Validity and threats to the validity of vocabulary measurement

Abstract
Introduction In the first chapter of this volume, Paul Nation draws our attention to six factors that are potential threats to the validity of language assessment. By way of introduction to this chapter we will briefly consider three of these before concentrating on issues connected with ‘multiple measures’ and ‘the unit of counting’ in more detail. We will omit ‘testing vocabulary in use’, but not because we do not think it is important.
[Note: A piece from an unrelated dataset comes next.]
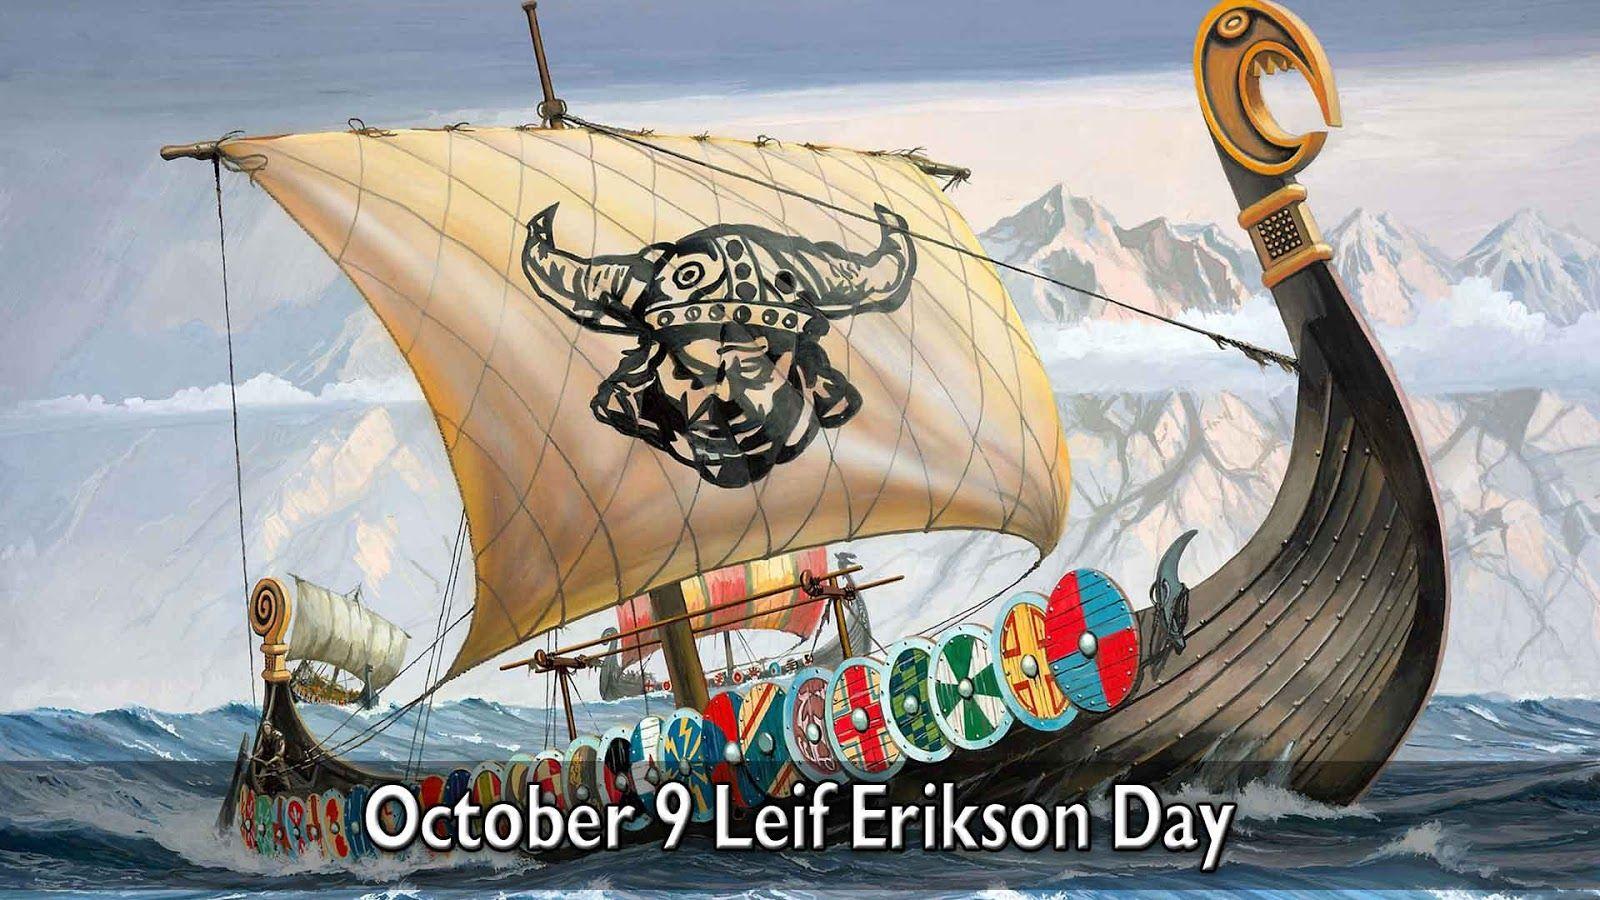 October 9 Leif Erikson Day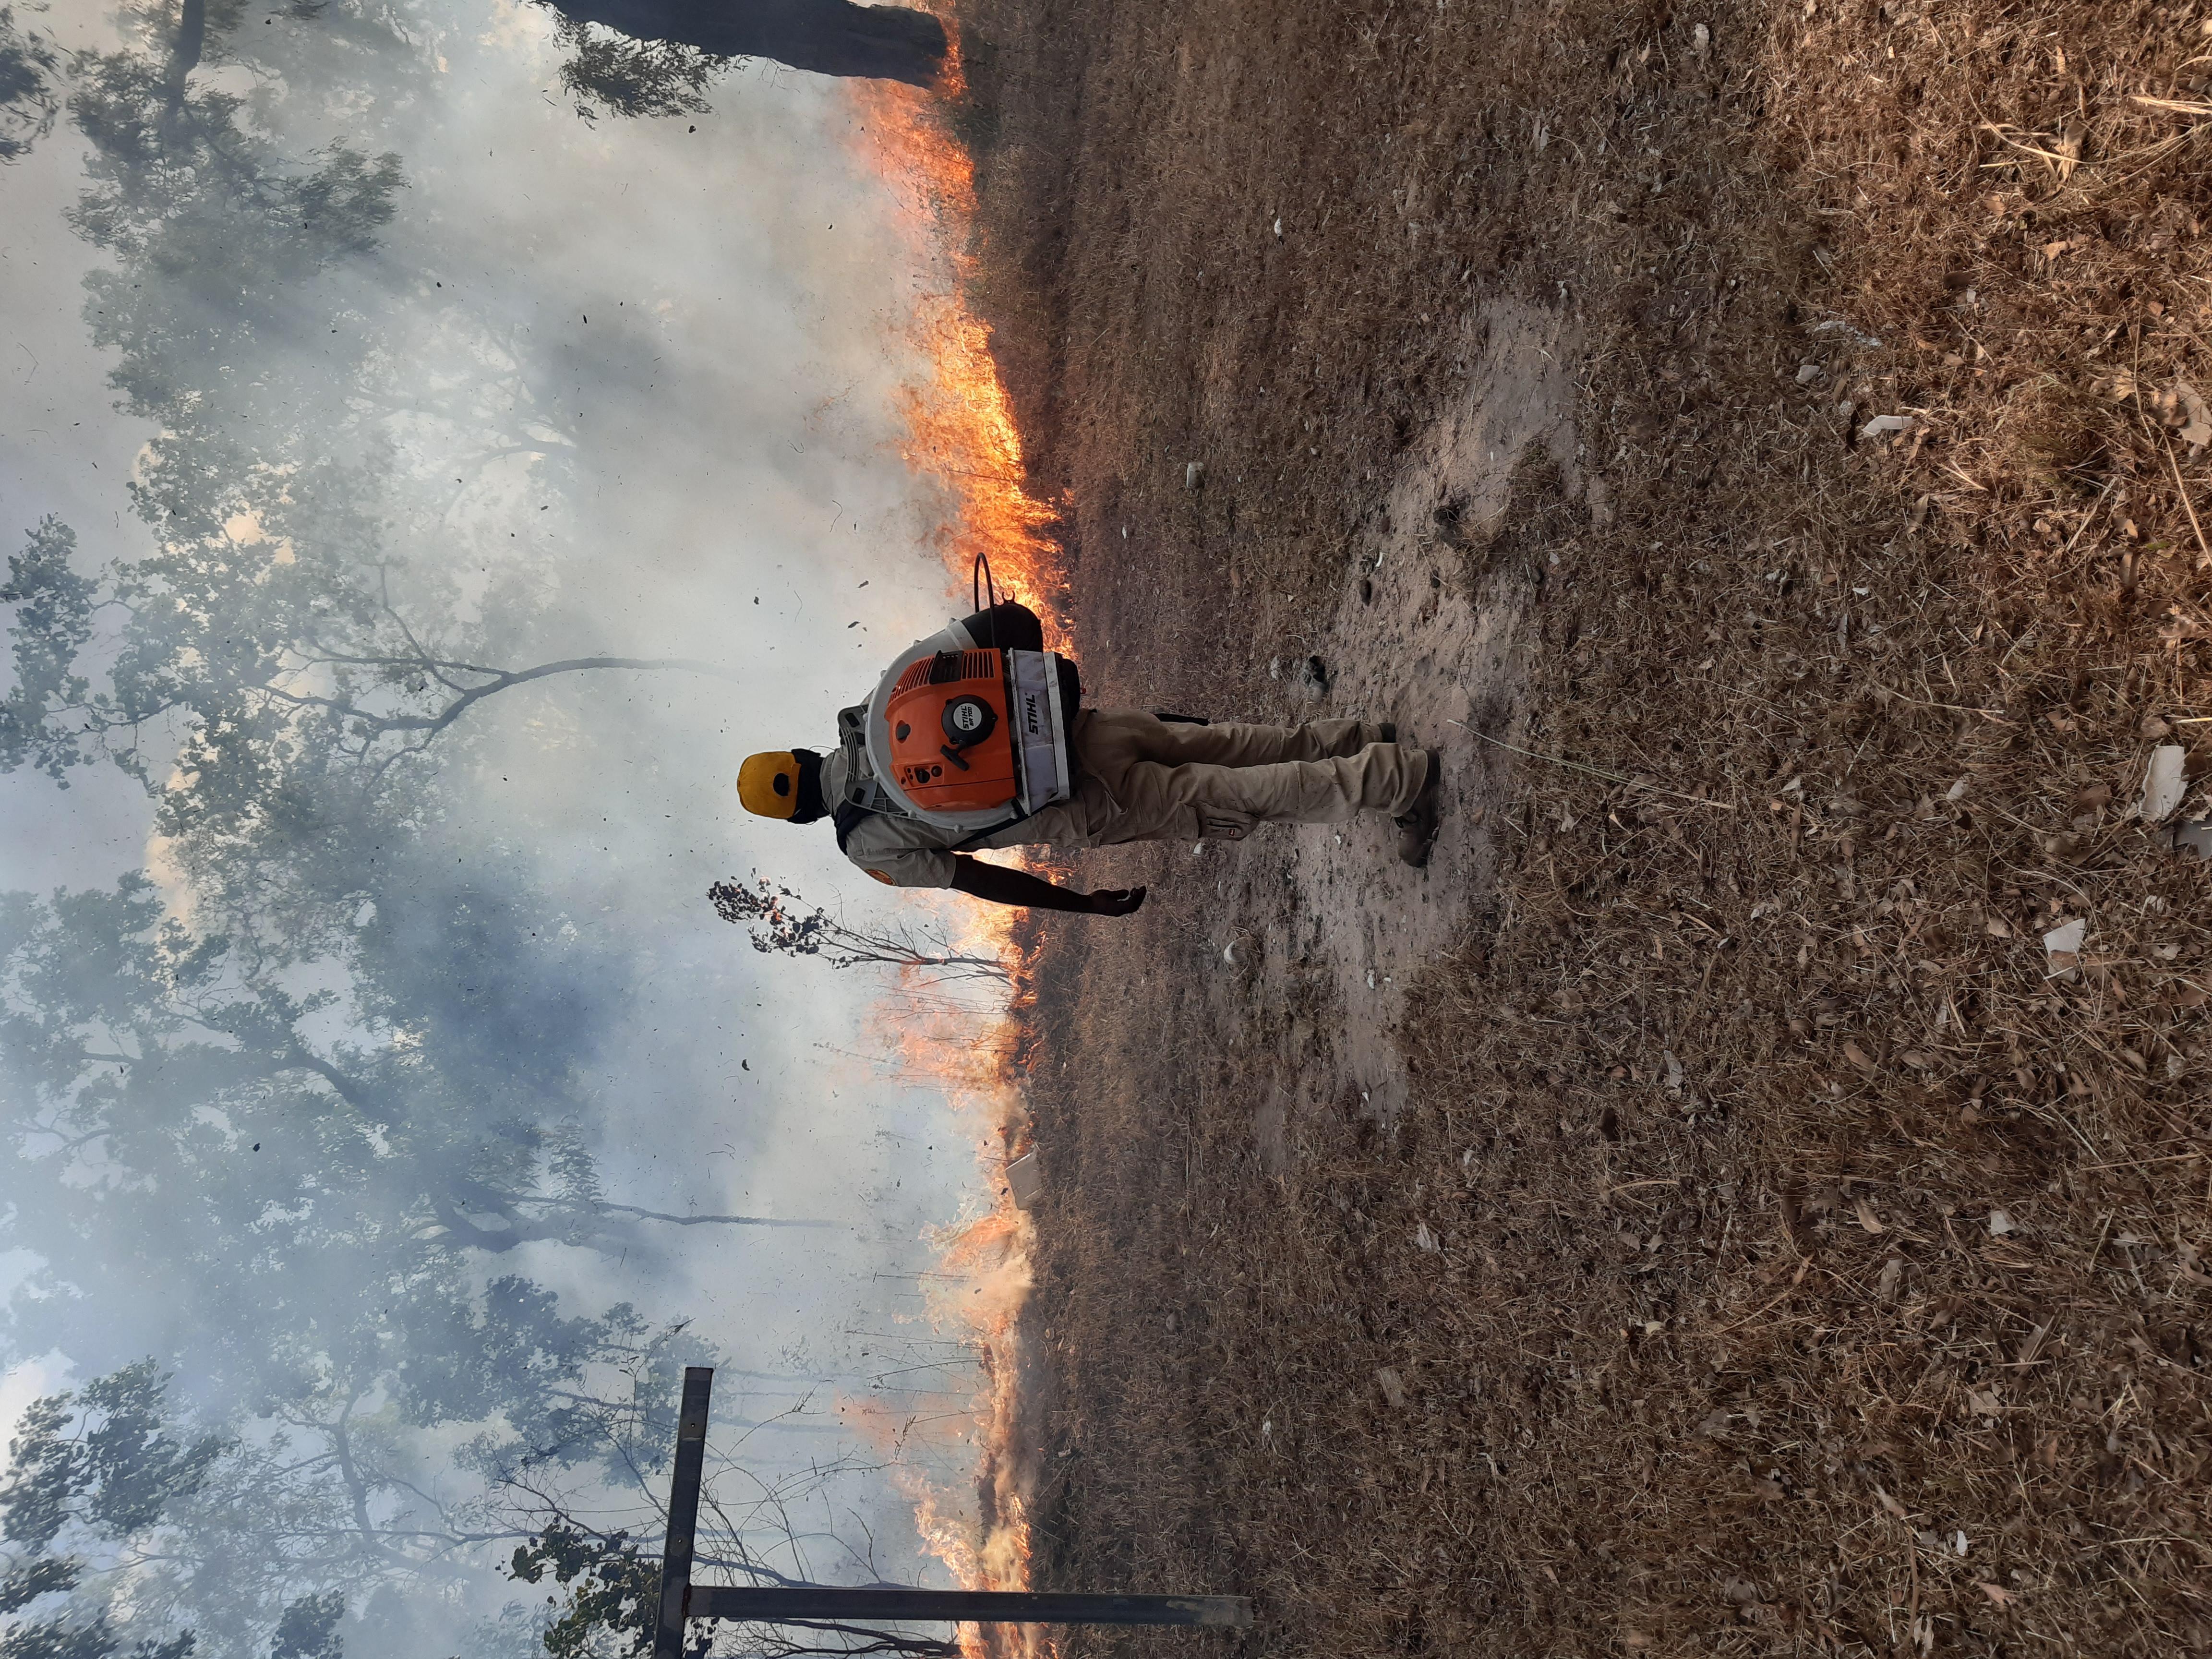 Yirralka Rangers burning near Gan Gan Laynhapuy

More naturalistic approaches to language testing including aspects of normal language use are advocated in many areas of applied linguistics (see Porter, 1997, on second language oral testing; Wells, 1985, on early first language assessment; Holmes and Singh, 1996, on vocabulary in aphasia; Bucks, Singh, Cuerdon and Wilcock, 2000, on analysing lexical performance in dementia patients). Issues that touch on this will be addressed under ‘multiple measures’. All three remaining factors discussed by Nation – frequency lists, learner attitude, and first and second language formats – strike a chord with our own concerns related to research, language teaching, and the education of teachers. In the past, we have been sceptical about the use of word-frequency lists in second language assessment (Malvern, Richards, Chipere and Duràn, 2004). At lower and even intermediate levels, exposure to vocabulary can be too limited and too heavily biased towards the lexical idiosyncrasies of teachers and textbooks for native speaker norms to be a reliable metric. Recently, however, we have been forced to think again.